It seems to me that there are no real reasons to not like cumulativity (the example given here seems to not be too relevant, according to the comments), and yet most proof assistants (apart from Coq?) don't have cumulativity. Why is this so? This seems a very nice property mathematically, and is akin to how most people would think of universes intuitively.
The short answer is that cummulativity is just one possible design choice which does not fit all purposes.
The slightly longer answer is that baking commulativity into type theory is a very dramatic design choice that complicates the typing rules, equality and conversion, universe management, and the semantics.
The real question is not whether we should have cummulativity but rather how to organize universes so that the user can control them when they wish or must do so, and at the same time the proof assistant can handle them by itself in a reasonable way. It is not clear (to me) that cummulativity is the best way to approach the problem. There are other options, such as implicit coercions, explicit coercions (also known as "lifting"), univere polymorphism, etc.

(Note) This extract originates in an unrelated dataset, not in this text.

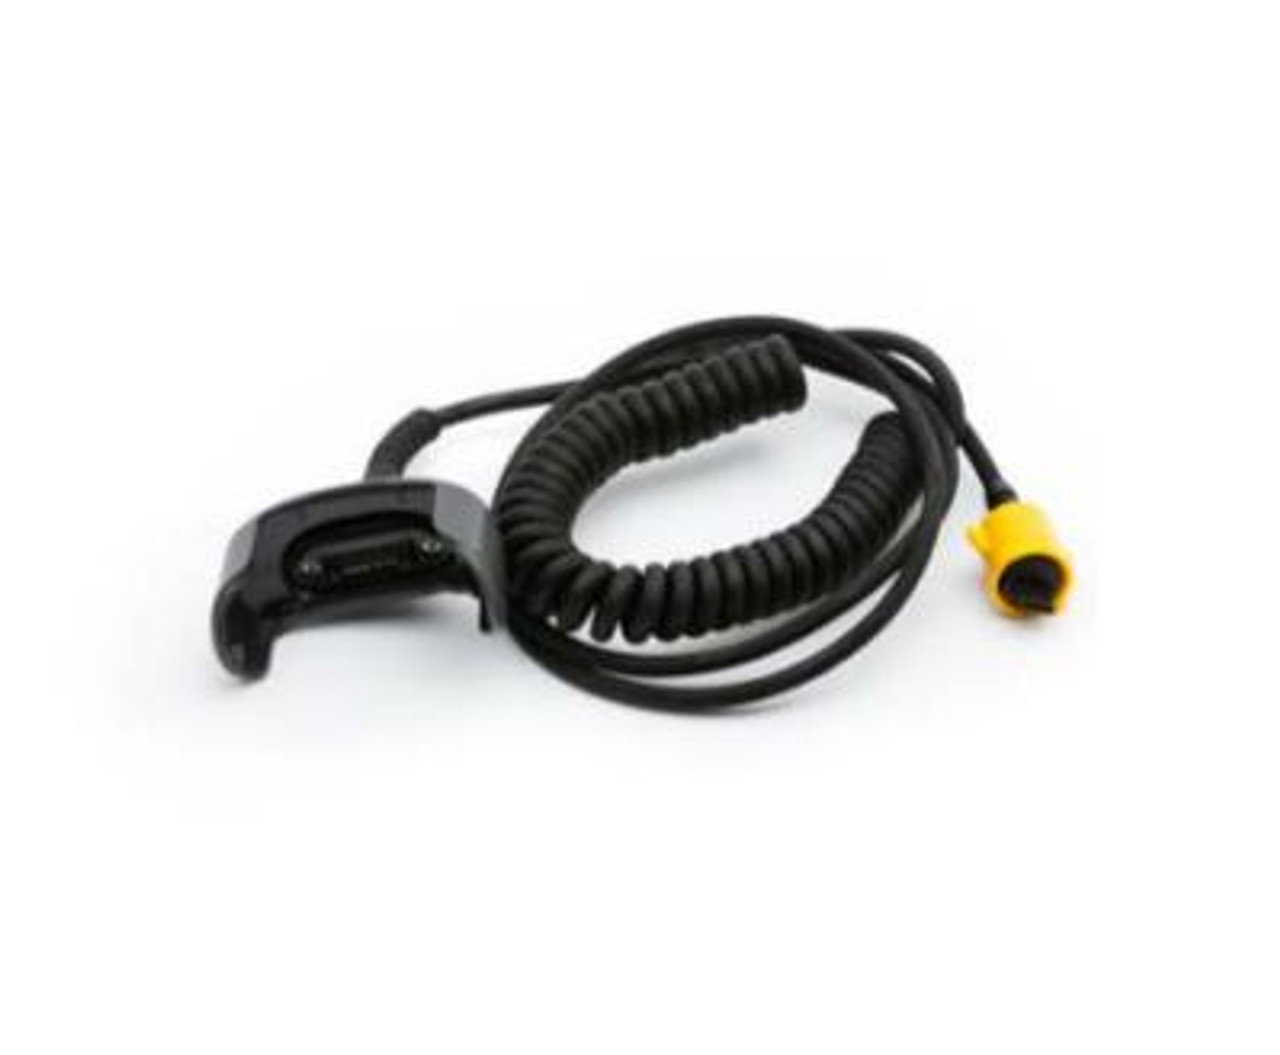 P1031365-058 | Zebra | serial cable Black, Yellow

There is also a wider issue, namely that from a foundational point of view there seems little reason to fix a specific hierachy of universes (such as a linearly ordered sequence of universes indexed by natural numbers). You may call me a logician but I really dislike arbitrary choices in foundations of mathematics.
The biggest problem in my head is that cumulativity opens the door of subtyping in type theory, which, IMO, a potential calamity to type theory. If you elaborate cumulativity to non-cumulativity + lifting, then it's probably fine, but let me say something about the subtyping-based approach.

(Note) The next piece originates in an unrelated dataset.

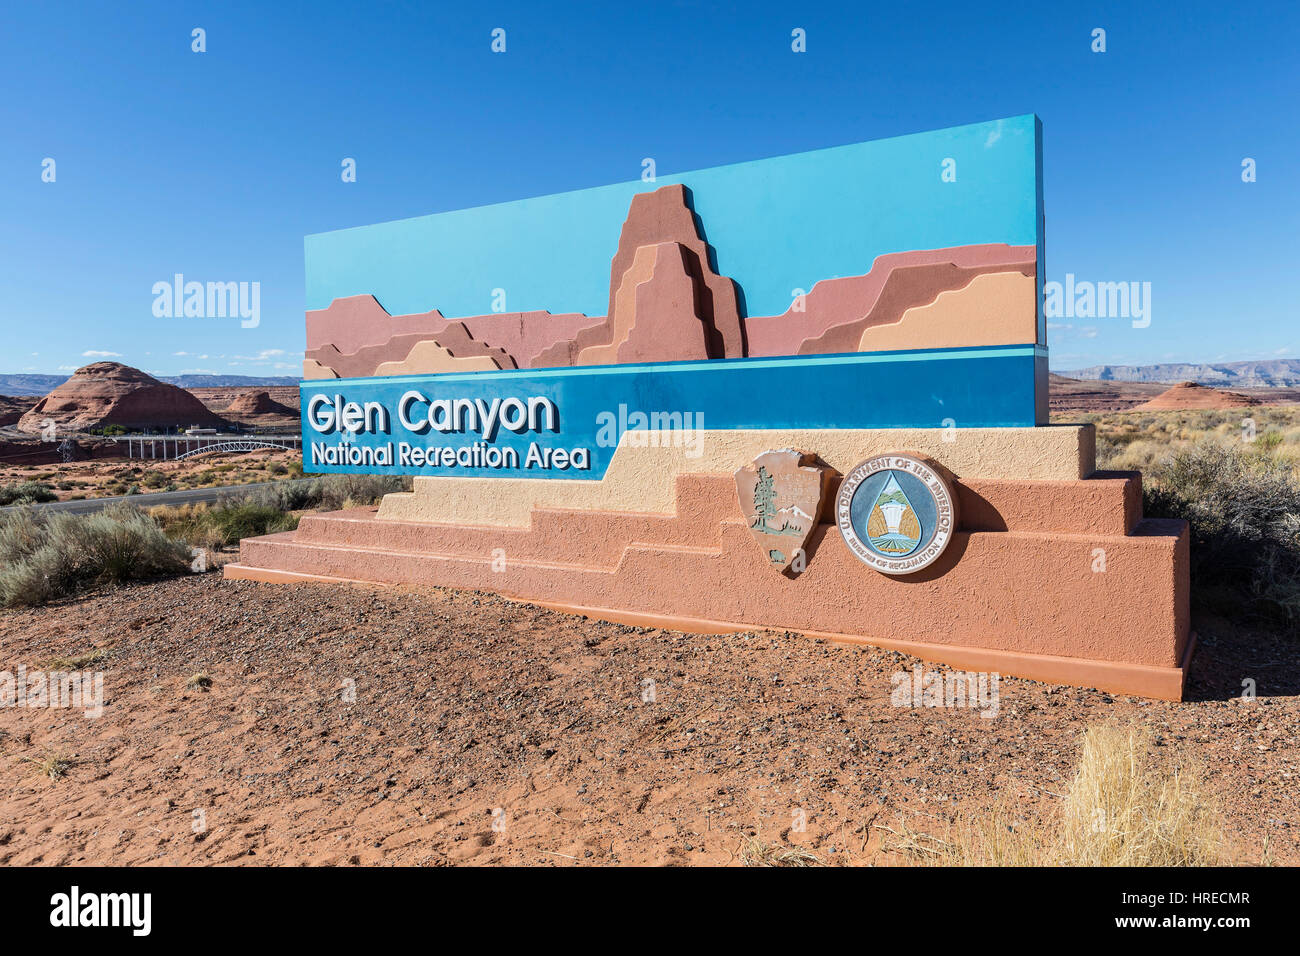 Page, Arizona, USA - 17. Oktober 2016: Glen Canyon National Recreation Area Ortseingangsschild im nördlichen Arizona. Stockfoto

Once you have subtyping, you'll start thinking about covariance and contravariance, which brings a lot more things to the type theory. Also, subtyping itself distinguishes two notions: consider $(a:A)\in\Gamma$, then "the type of $a$" and "$A$" are no longer the same under the context $\Gamma$. Instead, "the type of $a$" is a subtype of $A$, and when you want to, for example, apply $a$ to the identity function with the type argument an implicit argument, then probably you can't solve the metavariable because $A$ won't be the most accurate solution (I thank Pavel for sharing some ideas with me about this).
Apart from that, cumulativity generates more complex universe level equations, which are harder to solve.